MIT study combines basic map and sensors for ‘mapless’ autonomous driving
Researchers at MIT, in collaboration with Toyota, have developed a system for self-driving cars that works without detailed maps of an area. They combine basic maps with information from sensors on the car.
In their research, the scientists state that self-driving cars are highly dependent on detailed and annotated maps, which indicate curves and road signs, for example. This becomes a problem once an autonomous car enters an area that has not been mapped precisely enough. Their self-developed system, which bears the name MapLite, should offer a solution for this. It uses basic Openstreetmap maps without much detail. The car then determines exactly where it is based on various sensors, including lidar and GPS. In this way, the car must be able to take a road that has not yet been visited.
Their approach to so-called mapless driving, of which there are several, would have the advantage of eliminating the need to keep detailed maps up to date. The researchers do mention that the Openstreetmap map dataset contains the applicable traffic rules for each road section. With the help of the lidar, in this case an HDL-64 from Velodyne, it is possible to see 35 meters in front of the car. According to the researchers, this should make it possible to achieve speeds above 107 km/h. If the data processing were to take place in parallel on a GPU, the speed could be increased even more.

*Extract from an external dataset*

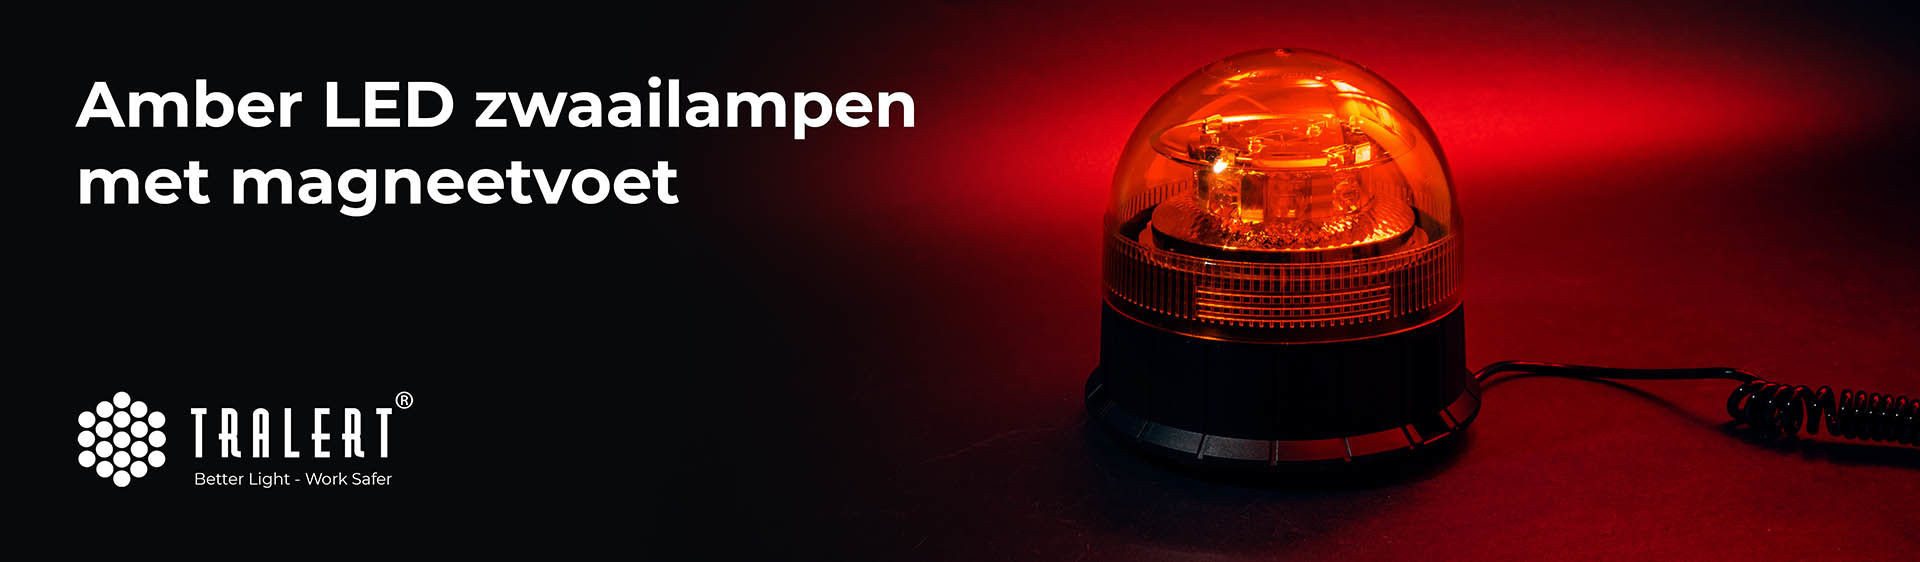 Tralert LED zwaailamp zwaailampen magneetvoet amber banner

One of the researchers, Teddy Ort, tells IEEE Spectrum that a global map suitable for their system would fit on a USB drive. A detailed map of a small town, on the other hand, would require a few gigabytes of space. One of the drawbacks of their approach would be road safety checks. This would be less difficult on roads where cars have already driven over them. Another limitation is that the system is not yet capable of navigating mountain roads as it cannot cope with sharp ascents and descents.